Hi Team I have loaded Zendesk data to s3 in parque...
# troubleshooting
s
Hi Team I have loaded Zendesk data to s3 in parquet file format. Note: the data contains json columns. Now, while I am trying to copy this s3 parquet file to redshift, I am getting the below issue: SQL Error [XX000]: ERROR: Spectrum Scan Error Detail: ----------------------------------------------- error: Spectrum Scan Error code: 15007 context: Unsupported implicit cast: Column s3://airbyte-sync-tn/data_sync/test_zendesk_super/tickets/2022_02_28_1646039367500_0.parquet.via, FromType: struct<struct<struct<byte_array,byte_array,byte_array,byte_array,byte_array,byte_array,byte_array,byte_array,map<b
So here via column is json and in redshift the corresponding column is in *VARCHAR*(65535).
u
Also when I have changed *VARCHAR*(65535) to SUPER data type for via column in redshift. I am getting getting the below error : SQL Error [XX000]: ERROR: External Catalog Error. Detail: ----------------------------------------------- error: External Catalog Error. code: 16000 context: Unsupported column type found for column: 4. Remove the column from the projection to continue.
i
Hey can you share the complete log of the sync?
a
the above is the error message, no log as such
@Harshith (Airbyte) can you please let me know
This is basically problem on changing the schema on destination right?
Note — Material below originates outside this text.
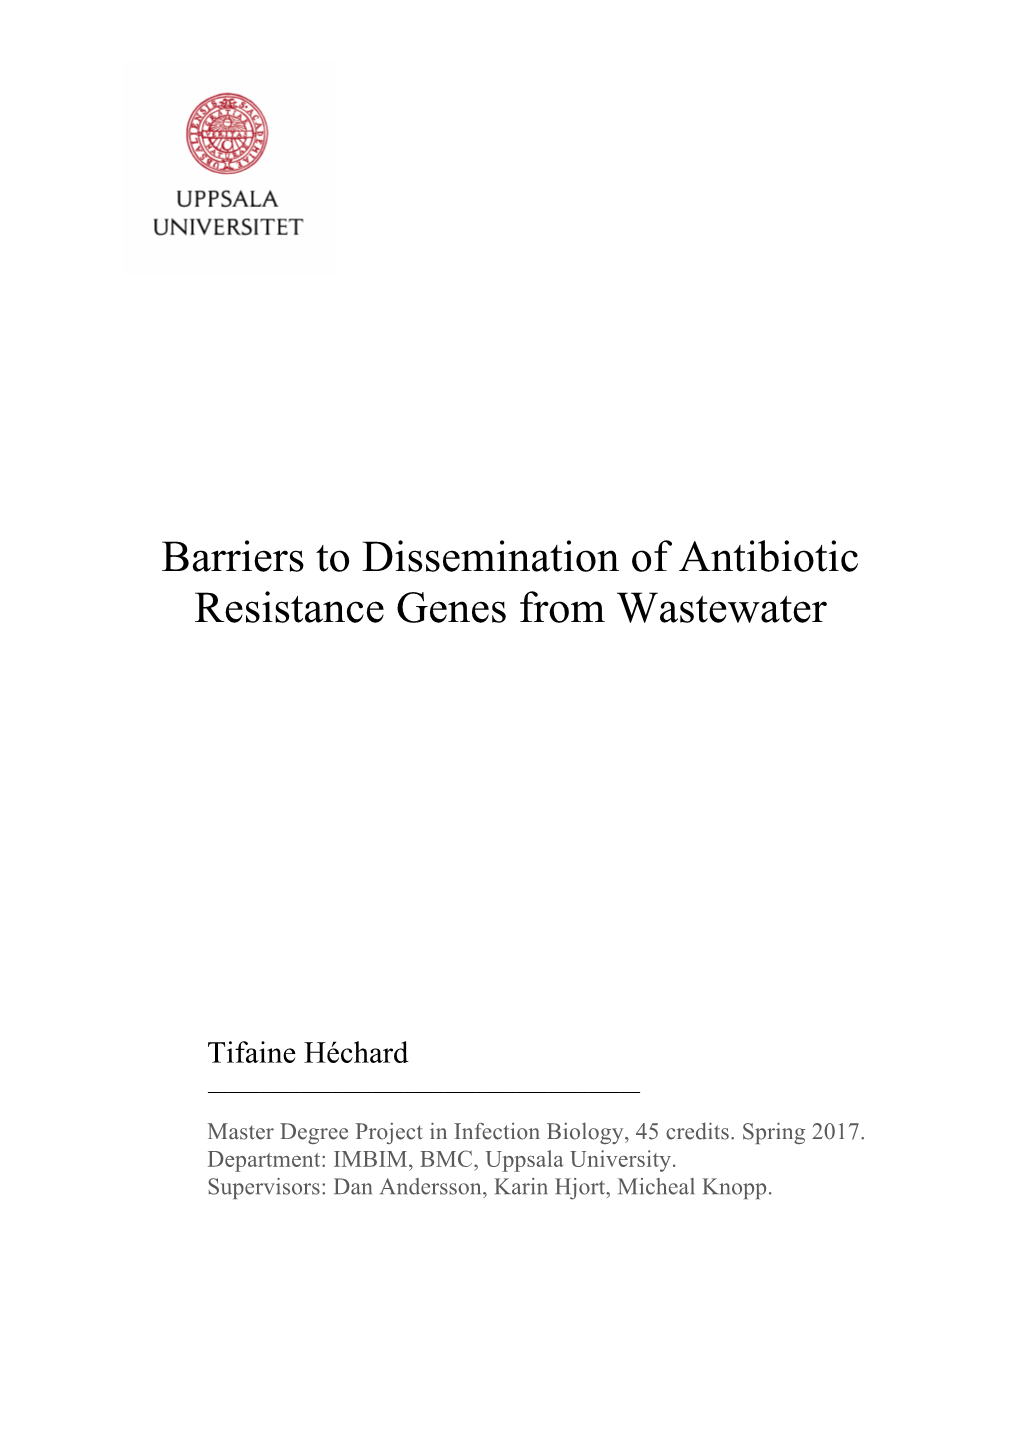 Barriers to Dissemination of Antibiotic Resistance Genes from Wastewater

From the error message, it looks like the “via” column (json data) is unable to copy in redshift either in VARCHAR or SUPER datatype. How we should copy this? @Harshith (Airbyte)
Can you share the catalog for the connection?
m
Are you referring to this?
After creating destination you will be creating a connection right where you will choose streams that one
Quick question? Is it possible to transfer data directly to Redshift suing Airbyte rather than loading file from S3
Yes, but that consumes a lot of Redshift cpu capacity.